START Data provided

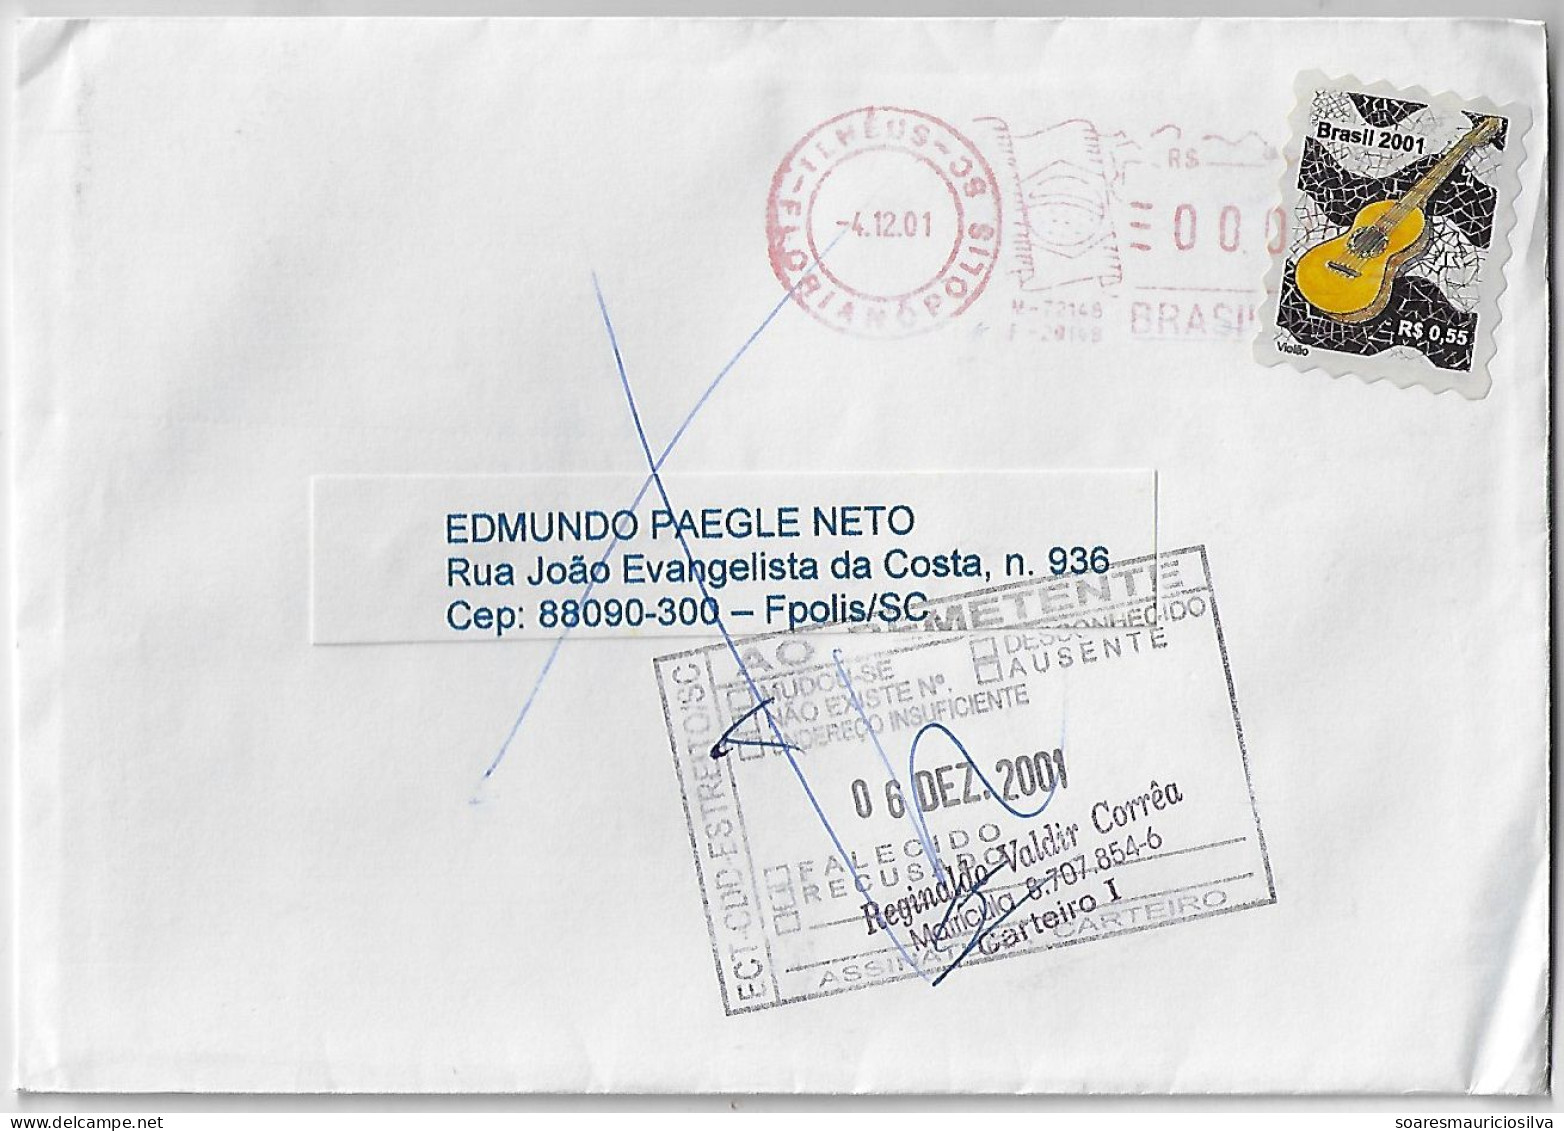 Brazil 2001 Returned Cover Florianópolis Ilhéus Agency Stamp Musical Instrument Guitar Canceled By Meter Stamp Zeo Value - Lettres & Documents
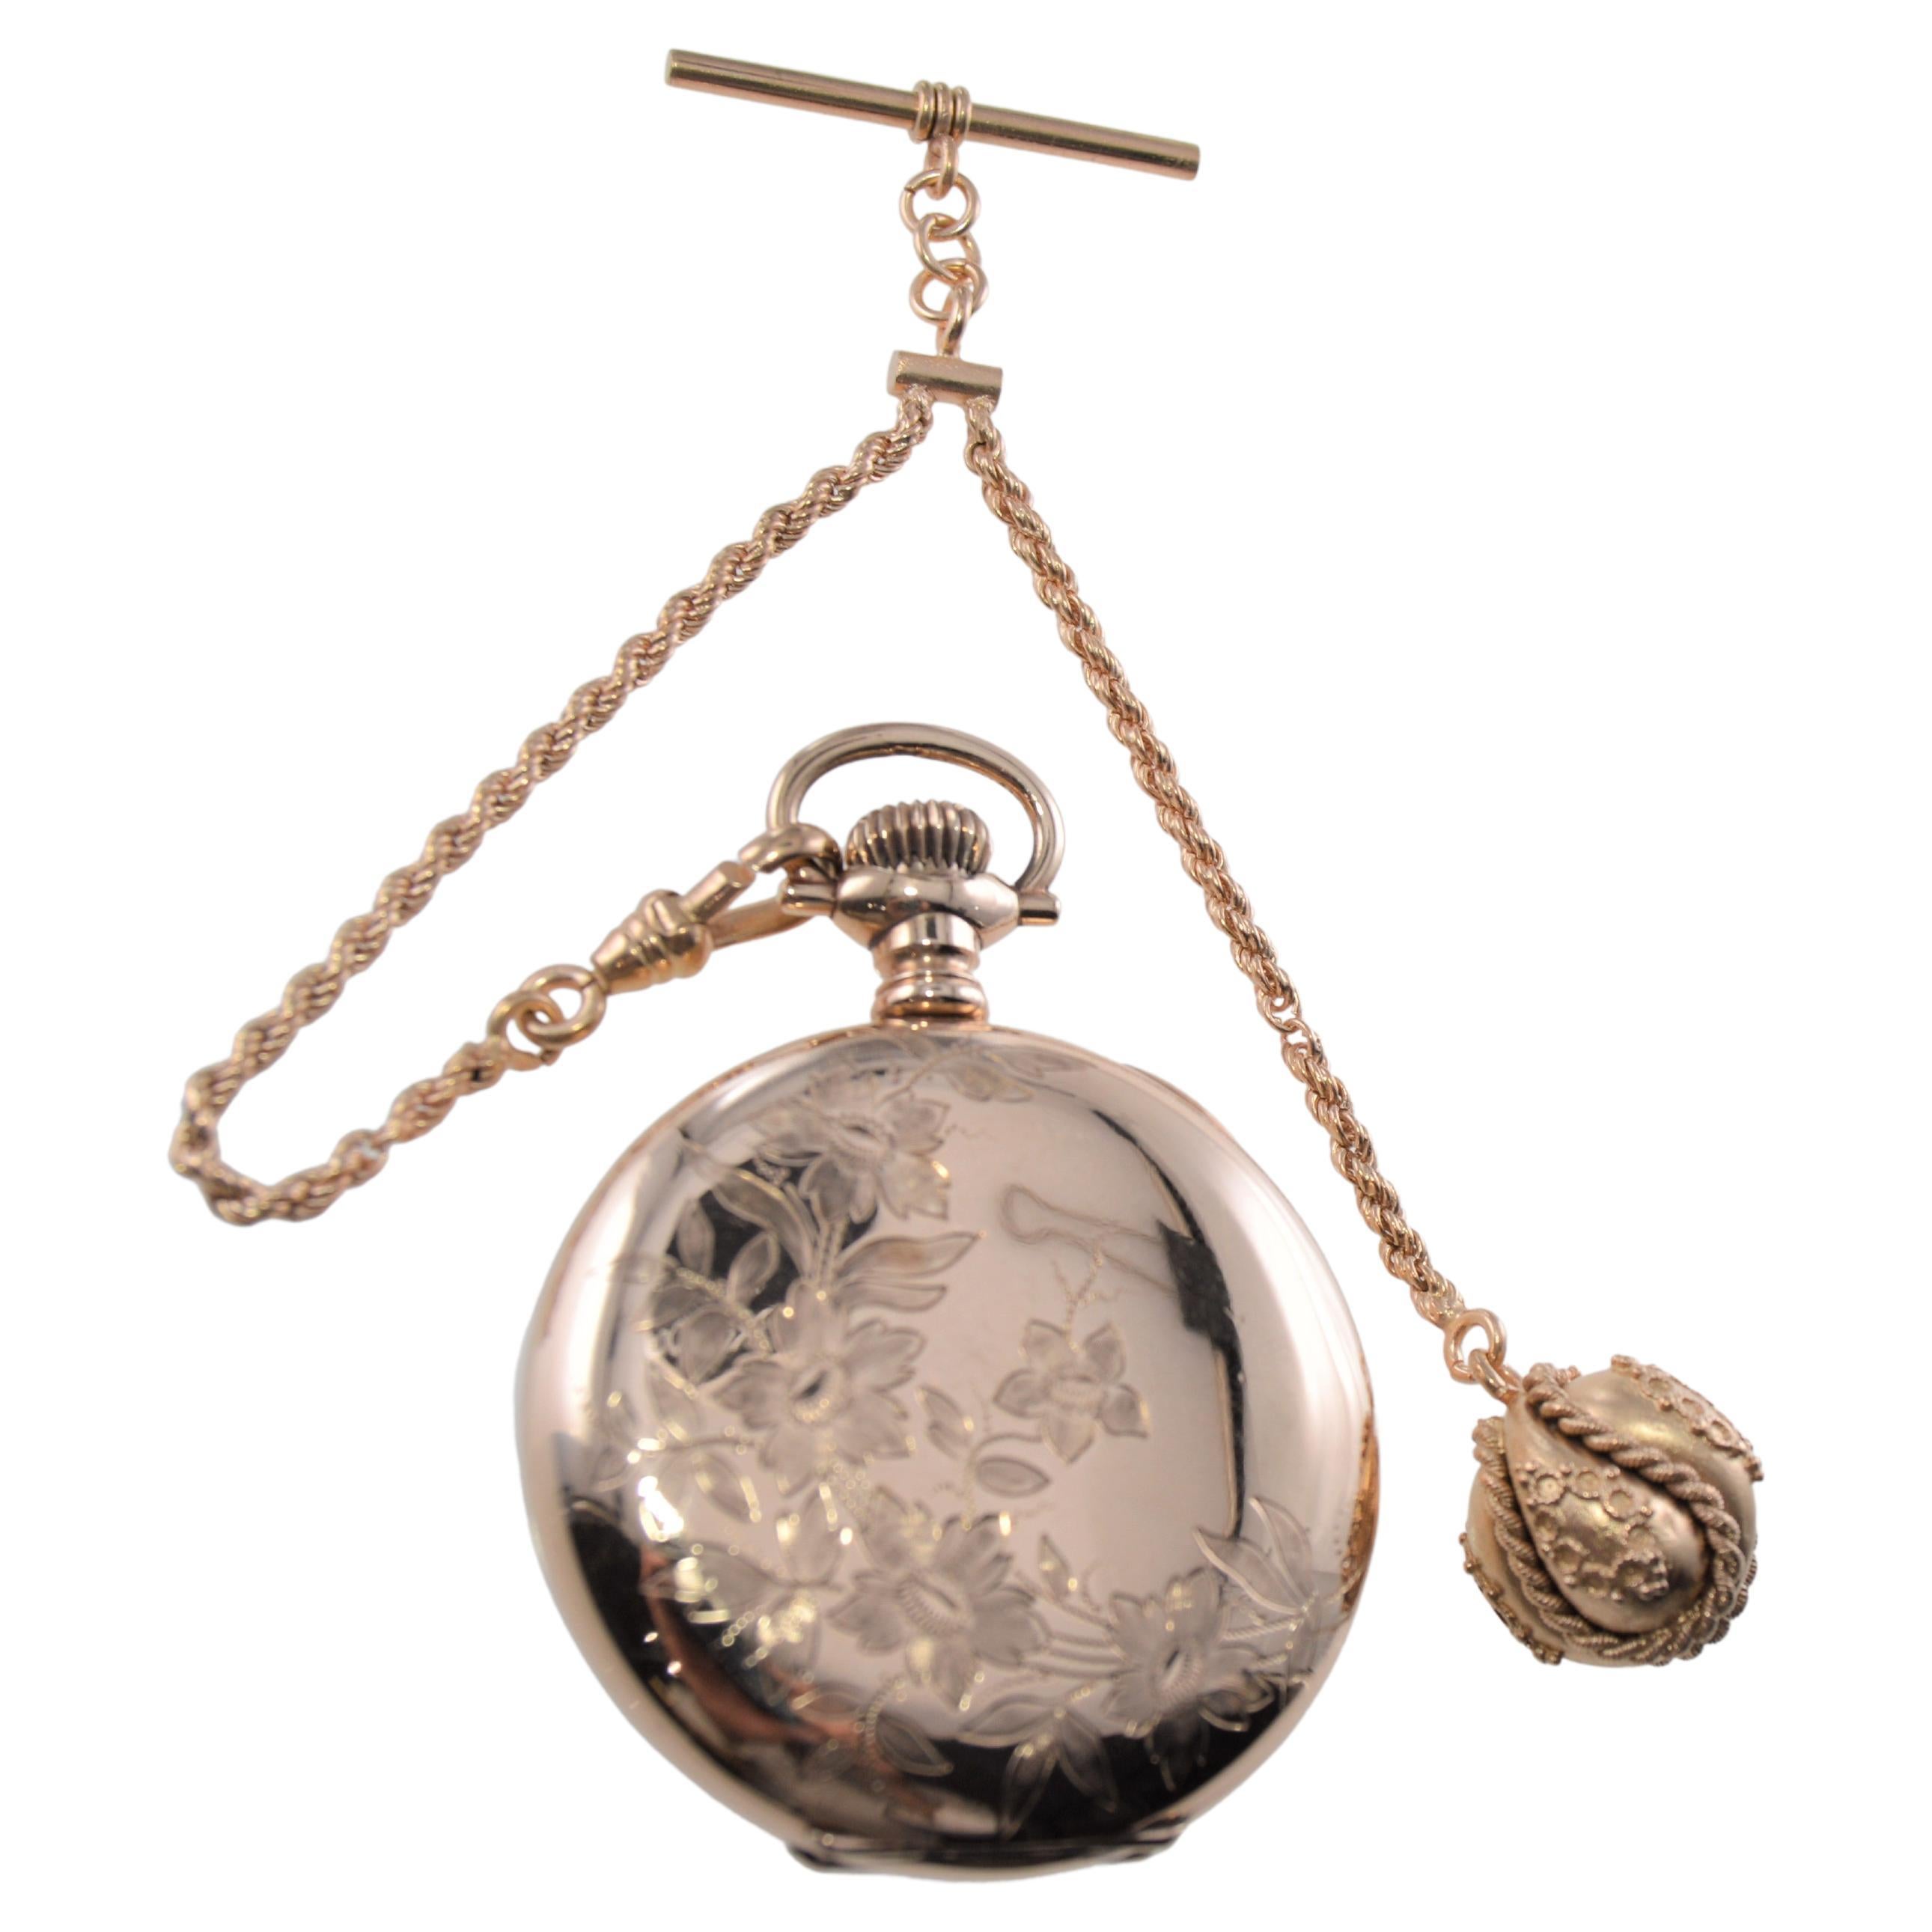 Elgin Gold Filled Pocket Watch with Unique Floral Engraving, circa 1907 For Sale
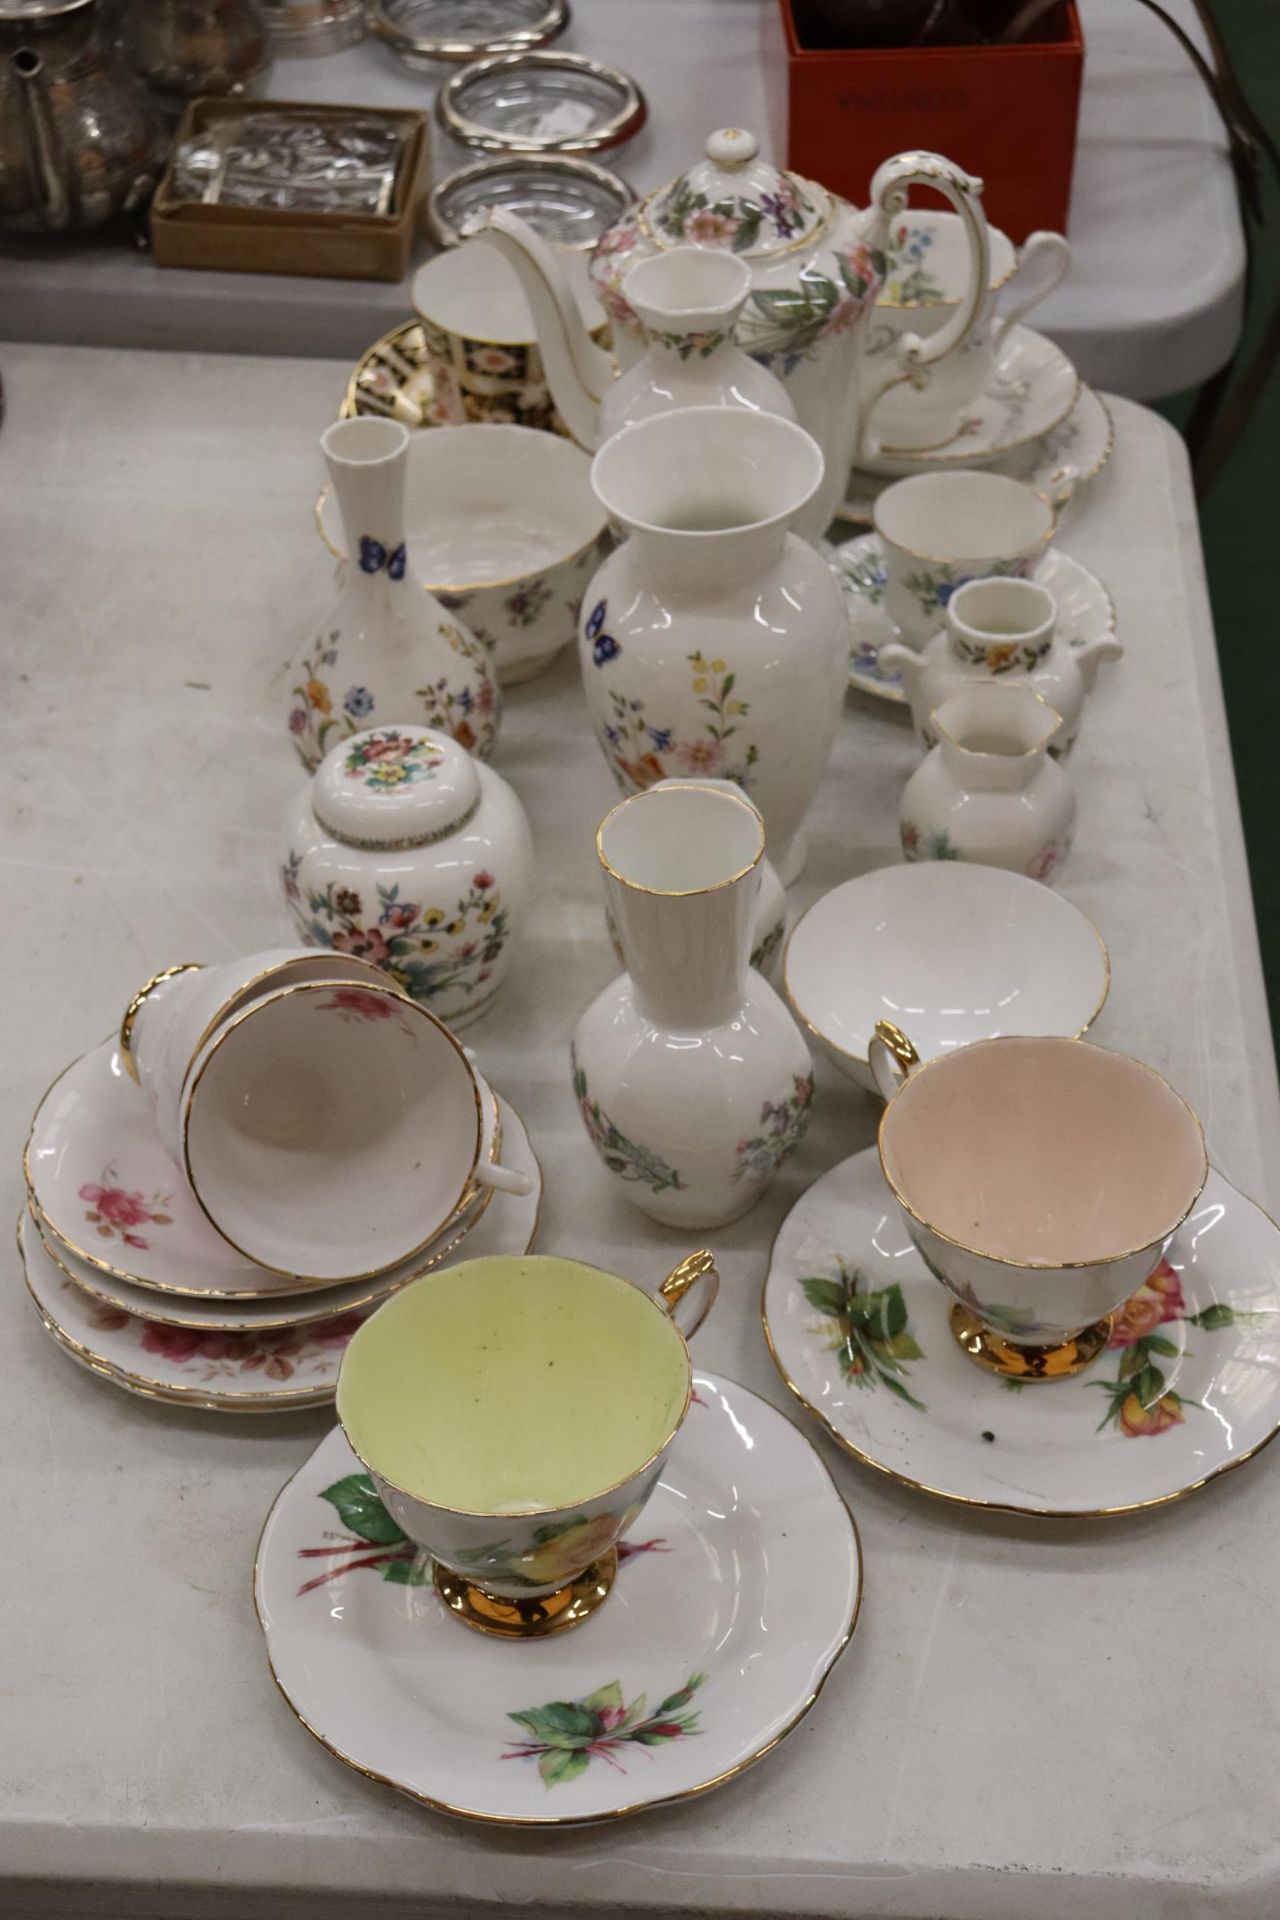 A LARGE QUANTITY OF TEAWARE TO INCLUDE A PARAGON 'COUNTRY LANE', COFFEE POT, 'RENDEZVOUS' CUPS, A

END Data provided

* [Work to complete]: Every line of the listing is to be retyped exactly; pictures stay out.

* [Solution to this exercise]:
 Brazil 2001 Returned Cover Florianópolis Ilhéus Agency Stamp Musical Instrument Guitar Canceled By Meter Stamp Zeo Value - Lettres & Documents
 Elgin Gold Filled Pocket Watch with Unique Floral Engraving, circa 1907 For Sale
 A LARGE QUANTITY OF TEAWARE TO INCLUDE A PARAGON 'COUNTRY LANE', COFFEE POT, 'RENDEZVOUS' CUPS, A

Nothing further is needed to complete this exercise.